§ Available data:

____

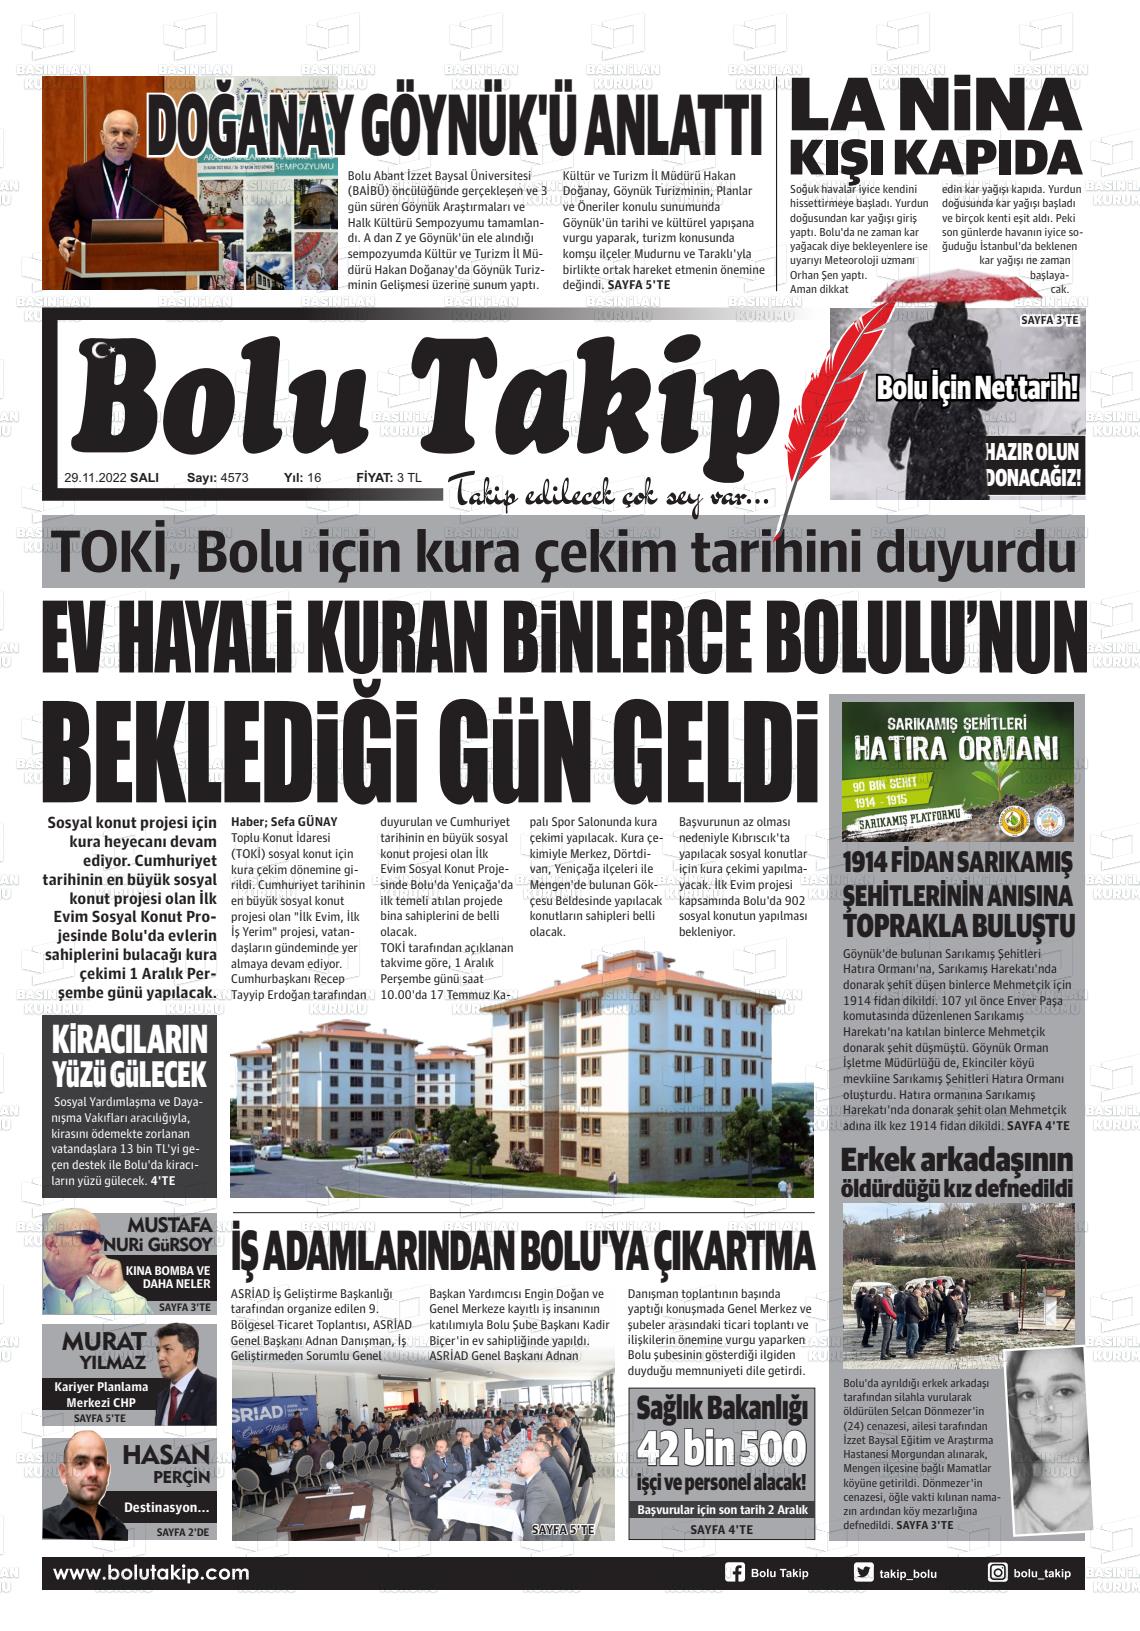 29 Kasım 2022 Bolu Takip Gazete Manşeti
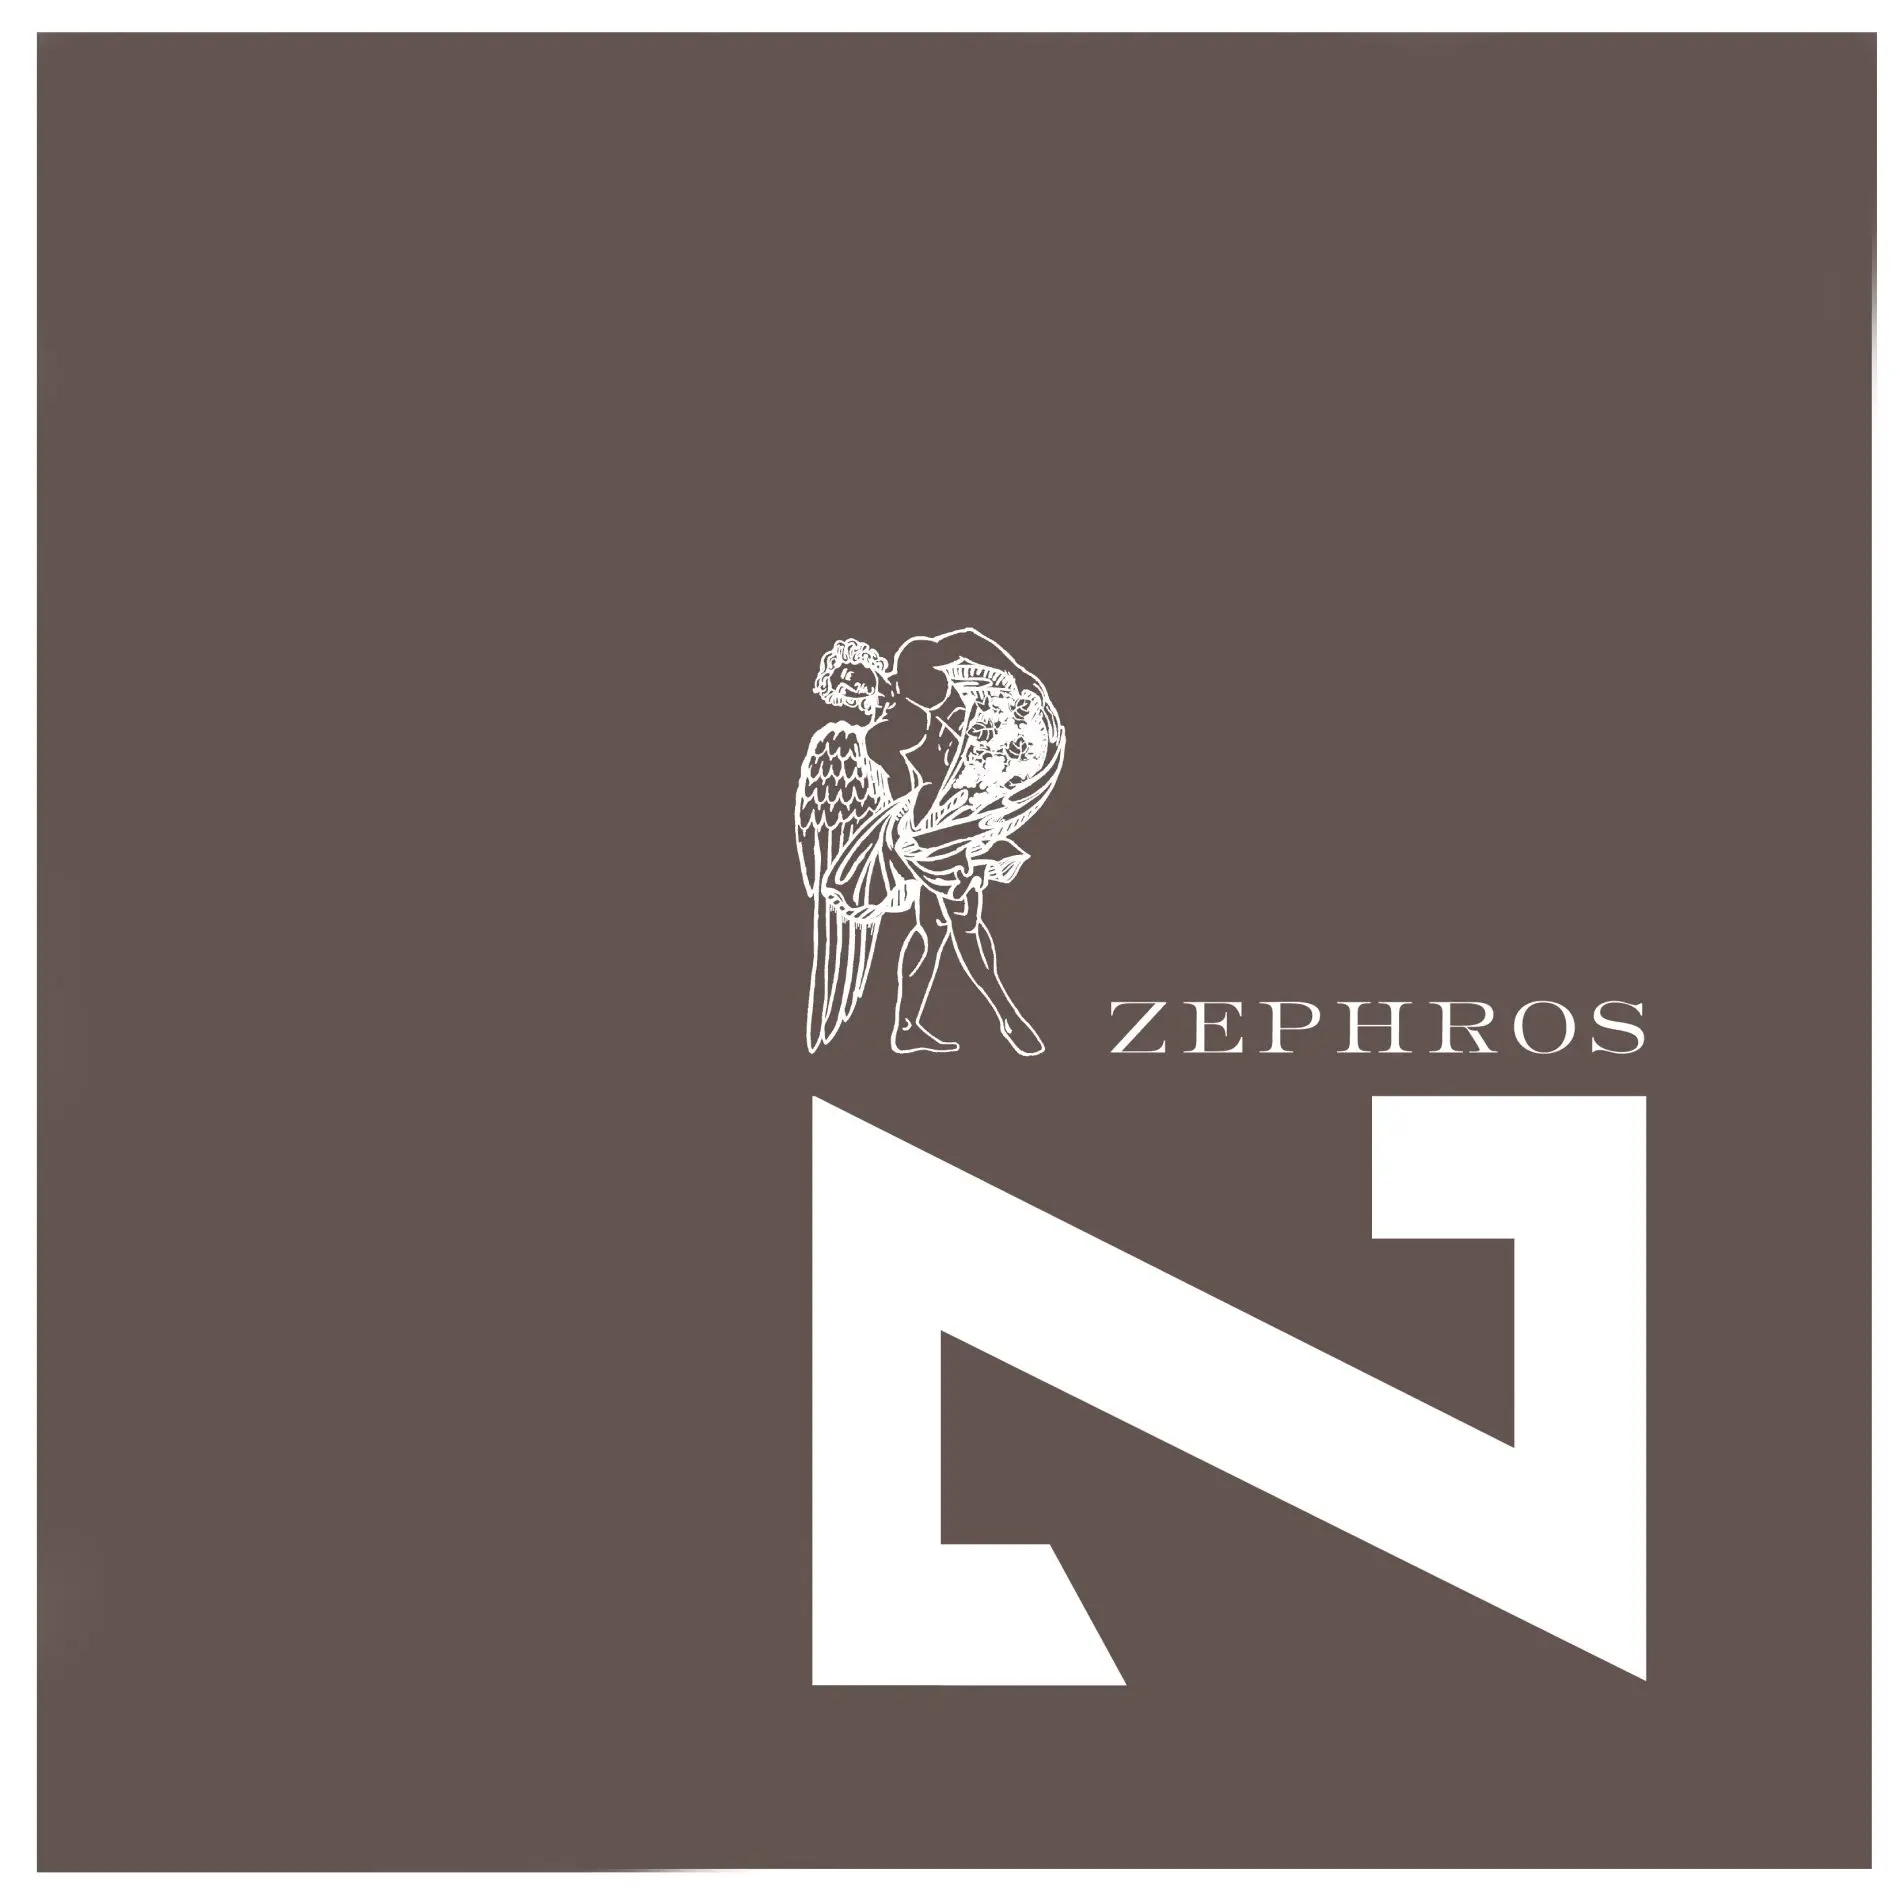 ZEPHROS WINES
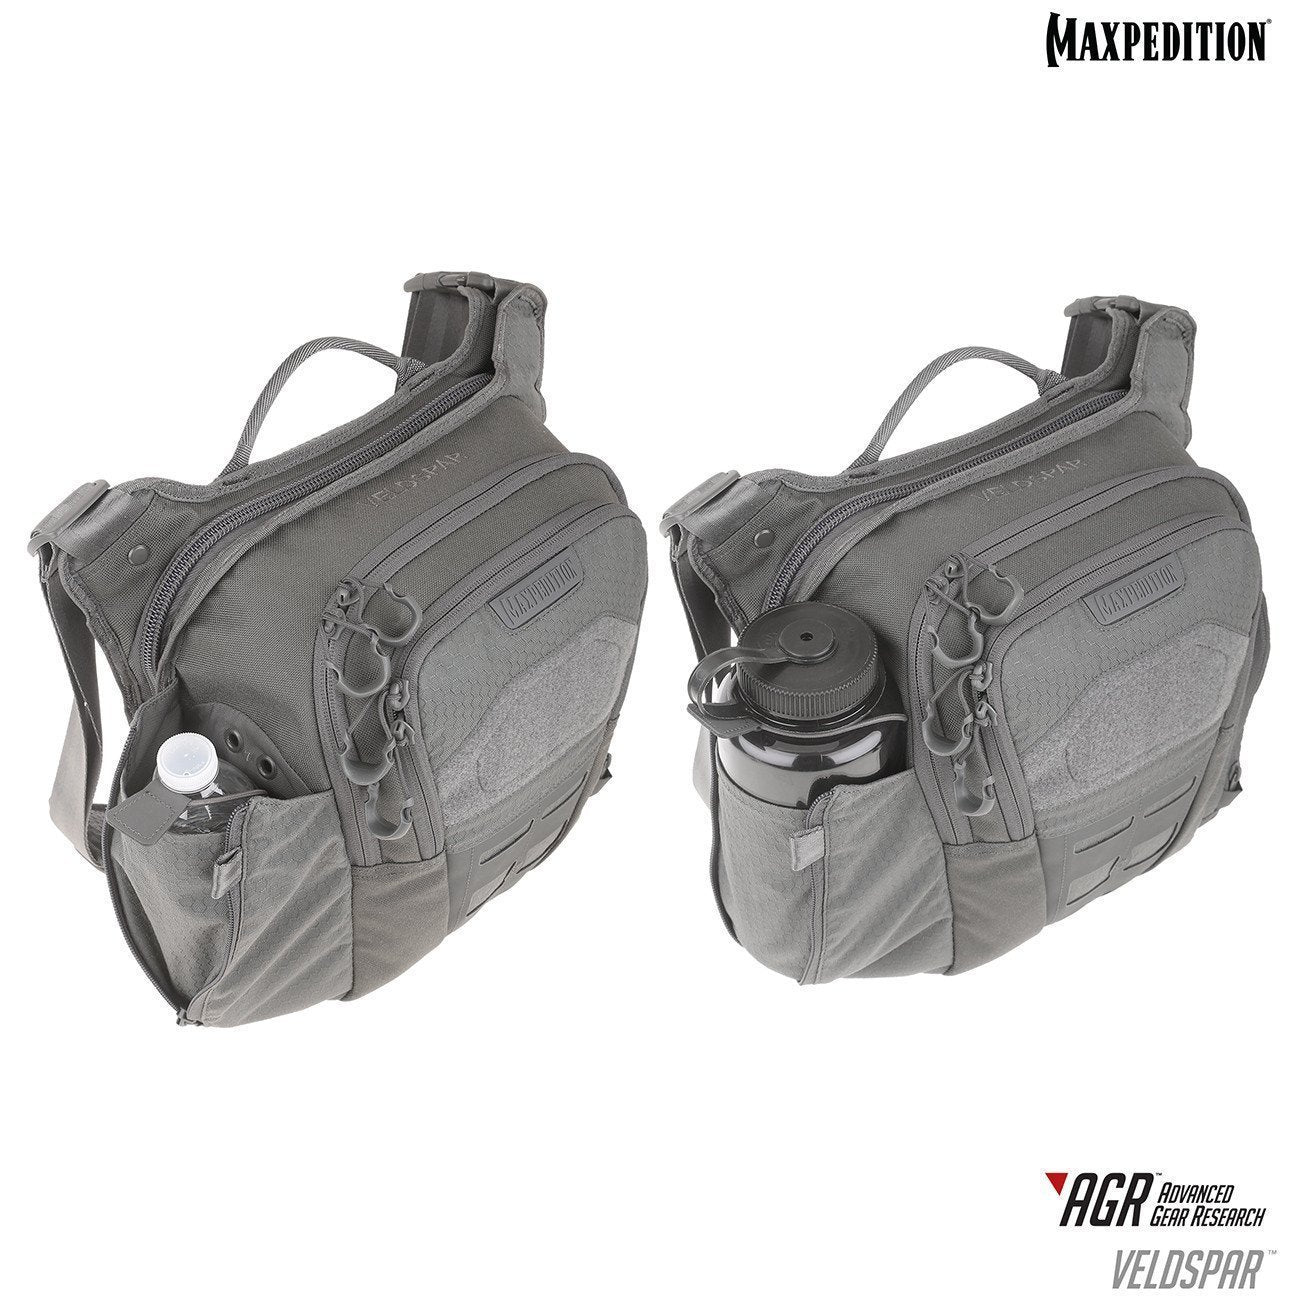 Maxpedition Veldspar Crossbody Shoulder Bag 8L Bags, Packs and Cases Maxpedition Tactical Gear Supplier Tactical Distributors Australia
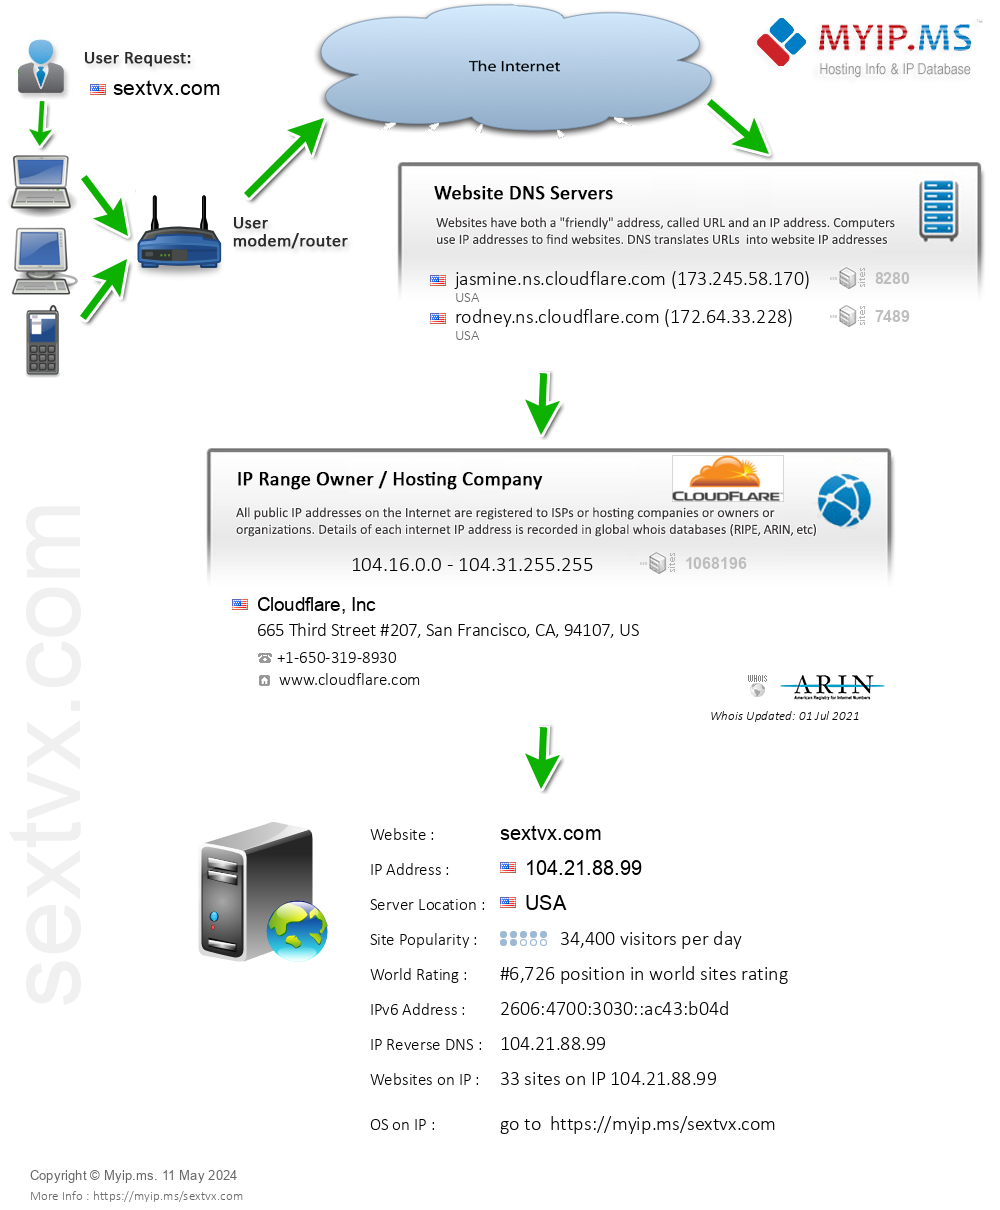 Sextvx.com - Website Hosting Visual IP Diagram

____

§ Brief:
Retype the listing exactly and drop the pictures.

§ Task result:
 29 Kasım 2022 Bolu Takip Gazete Manşeti
 ZEPHROS WINES
 Maxpedition Veldspar Crossbody Shoulder Bag 8L Bags, Packs and Cases Maxpedition Tactical Gear Supplier Tactical Distributors Australia
 Sextvx.com - Website Hosting Visual IP Diagram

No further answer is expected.